Integrating scRNA-seq and scATAC-seq data

Users can integrate their scATAC-seq data with scRNA-seq data by performing cross-modality integration and label transfer. In the integration process, ezSingleCell estimates the scRNA-seq levels from scATAC-seq by quantifying gene expression ‘activity’ from the scATAC-seq reads. The 'internal' structure of the scATAC-seq data is then learned using LSI. The ‘anchors’ between the scATAC-seq and scRNA-seq datasets are then identified, followed by data transfer between datasets (either transfer labels for classification or impute RNA levels in the scATAC-seq data to enable co-embedding). Simuntaneously, the reference scRNA-seq data is either processed using the scRNA-seq module or an already processed scRNA-seq reference dataset can be loaded. Finally, the scRNA-seq and scATAC-seq cells are co-embedded in the same low dimensional space using the same anchors to transfer cell type labels to impute scRNA-seq values for cells in the scATAC-seq data. The measured and imputed scRNA-seq data are then merged and can be visualized with a UMAP plot (Fig. 7G).

Integration of scRNA-seq and spatial data (deconvolution)

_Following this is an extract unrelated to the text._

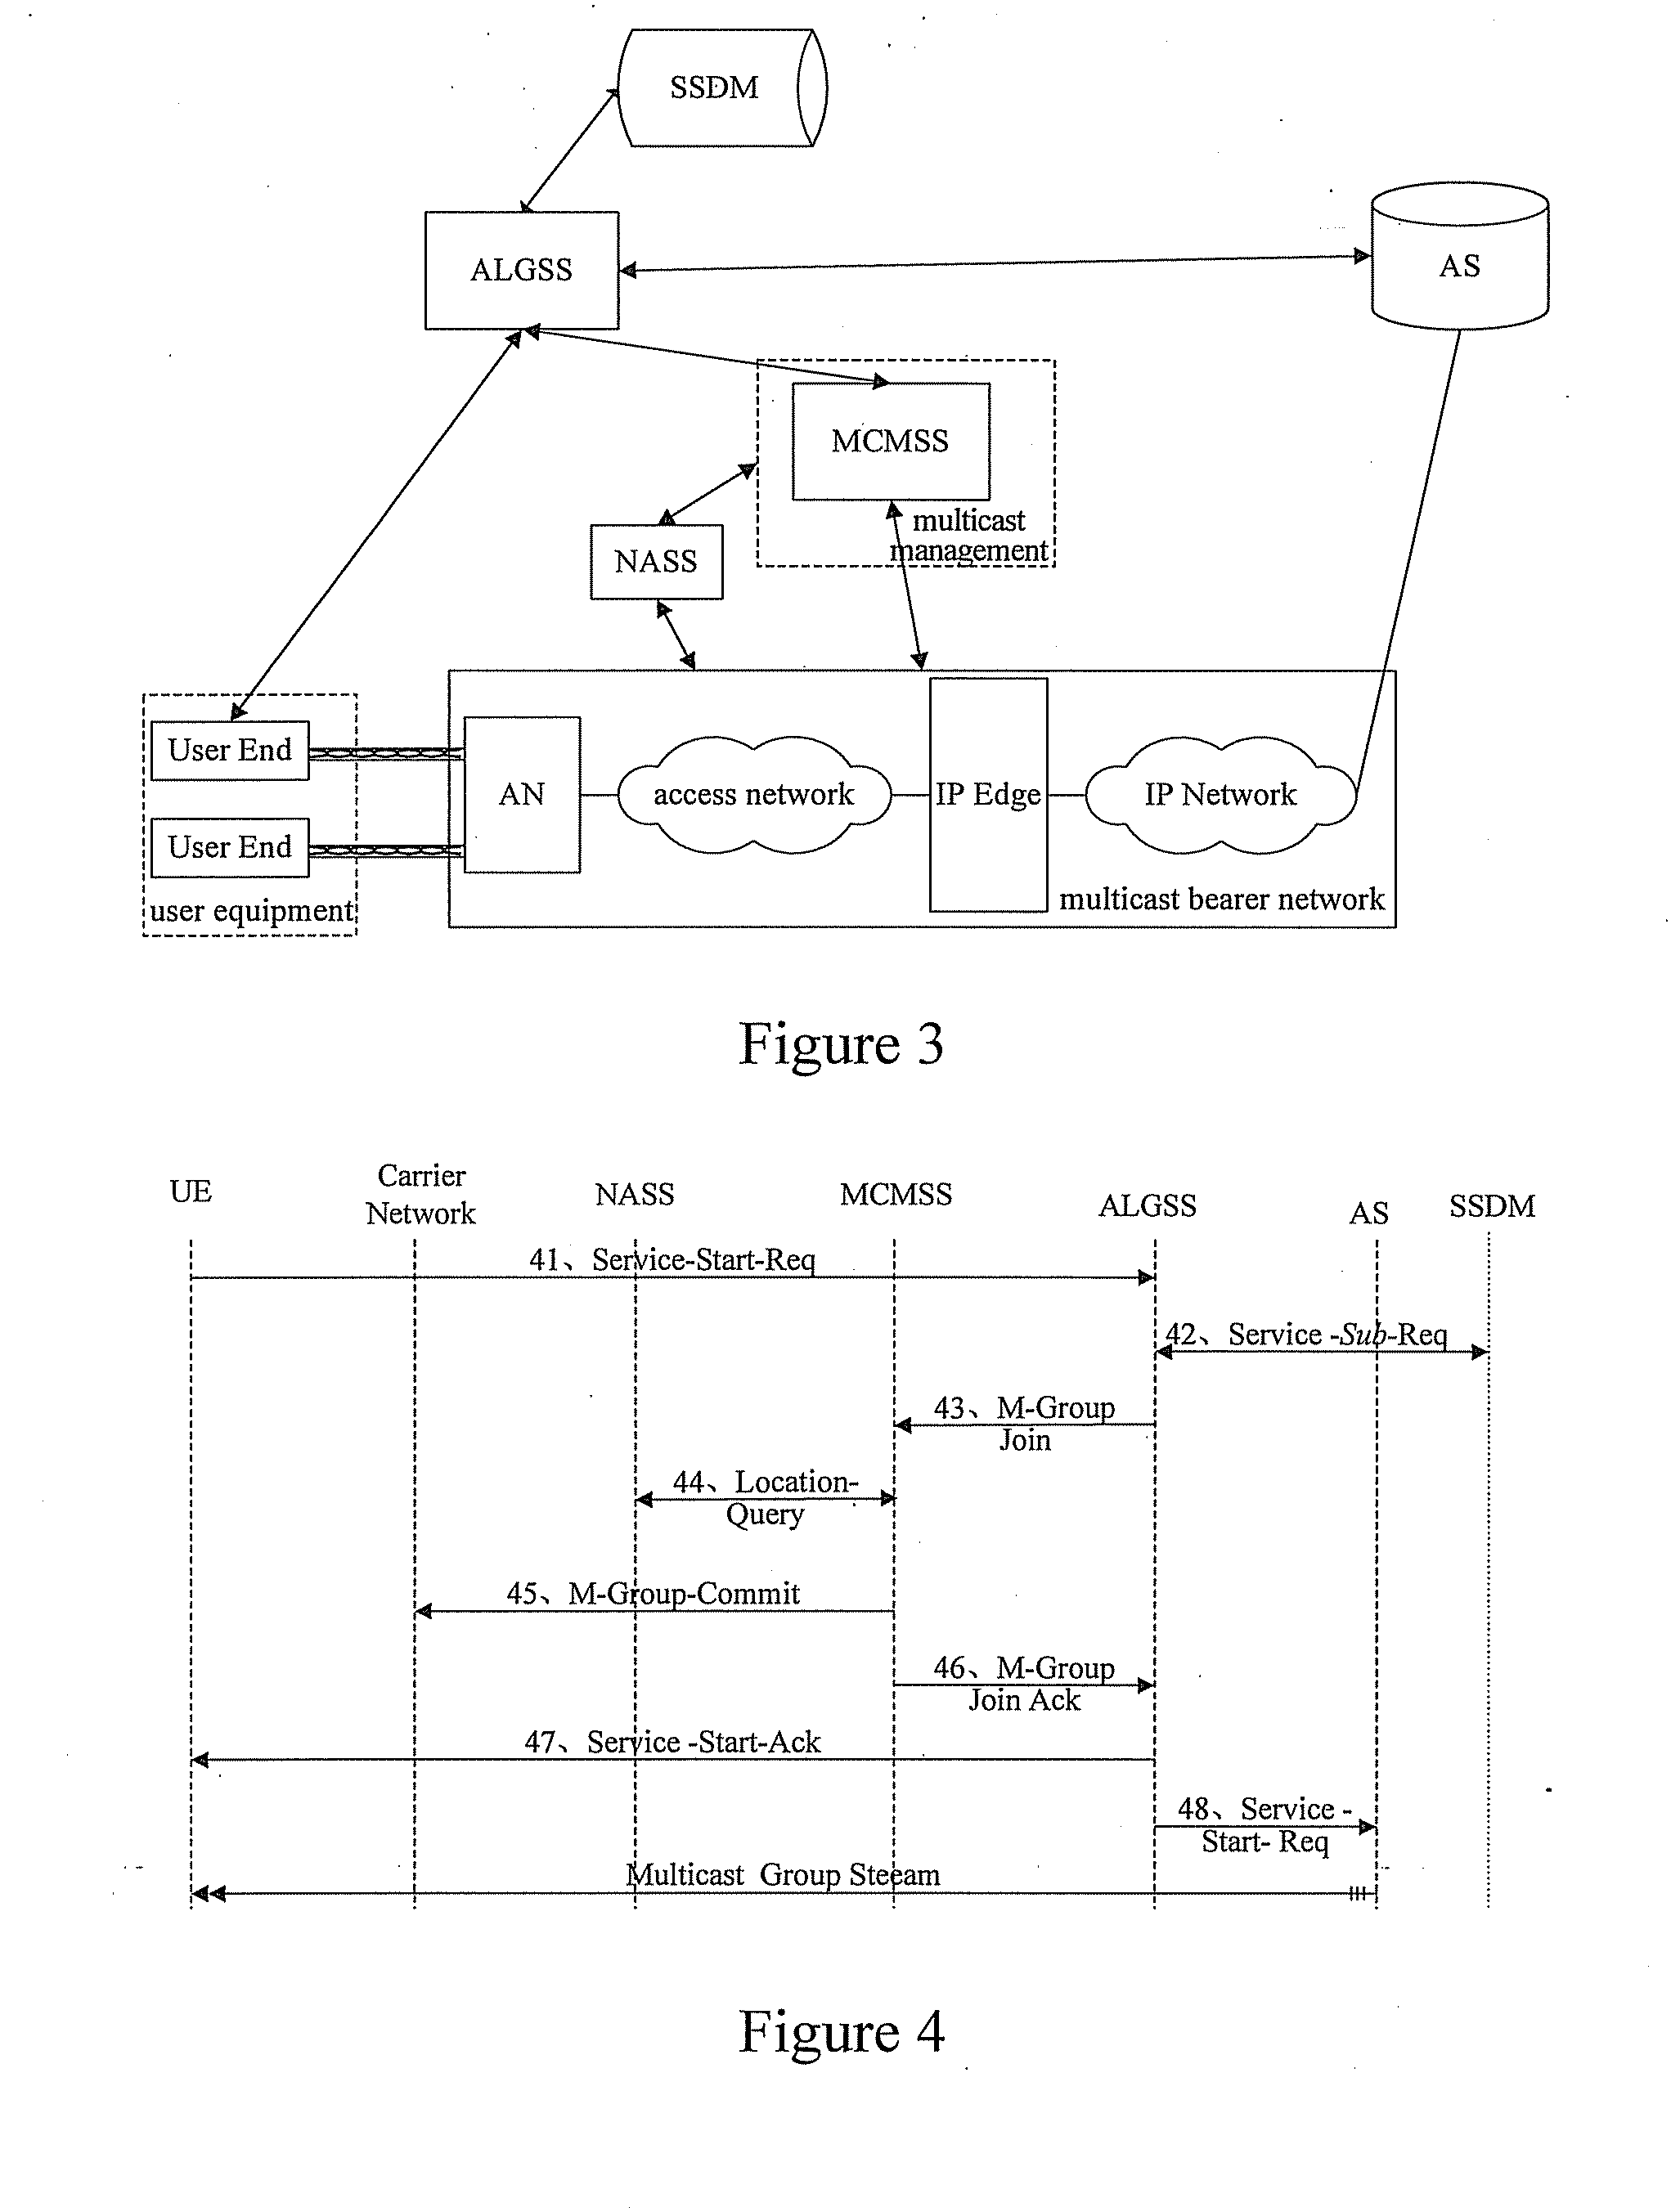 System and method for providing multicast service

Users can employ two different methods, Seurat and GraphST, to integrate spatial data with scRNA-seq reference data to annotate or deconvolute the cell types present in the spatial data. Publicly available scRNA-seq references are available at the DISCO database (https://www.immunesinglecell.org/) or the Human Cell Atlas (https://www.singlecell.broadinstitute.org) for human data, and 10x Genomics Visium and Xenium spatial datasets of human and mouse samples can be obtained from the 10x Genomics website (https://www.10xgenomics.com/resources/datasets). The scRNA-seq module of ezSinglecell can be used to process and annotate user uploaded single-cell data, and the output will be directly usable to deconvolute cell types in the spatial data. For Seurat deconvolution, ezSingleCell uses the ‘label transfer’ function to output a probabilistic classification (or prediction scores) for each of the scRNA-seq cell type predicted to be present in each spot. These predictions can then be added back to the project’s Seurat object. GraphST is a deep learning-based algorithm that can deconvolute cell types in spatial data using a high quality scRNA-seq reference data. GraphST first trains an auto-encoder to learn informative cellular features from the scRNA-seq data in an unsupervised way. Thereafter, GraphST learns a mapping matrix to project the scRNA-seq data into the ST space based on their learned features via an augmentation-free contrastive learning mechanism where the similarities of spatially neighboring spots are maximized while those of spatially non-neighboring spots are minimized. The mapping matrix is then used to estimate the cell-type compositions of ST spots.

Statistics and reproducibility

No statistical method was used to predetermine the sample size. The data was downloaded from 10x's public repository. No data were excluded from the analyses. The experiments were not randomized. The investigators were not blinded to allocation during experiments and outcome assessment. We use statistical tests such as “wilcoxon”, “bimod”, “roc”, “t-test”, “negbinom”, “poisson”, “LR”, “MAST”, “DESeq2” in some steps such as Differentially Expressed Genes (DEGs) analysis and Gene Set Enrichment Analysis (GSEA).

Reporting summary

Further information on research design is available in the Nature Portfolio Reporting Summary linked to this article.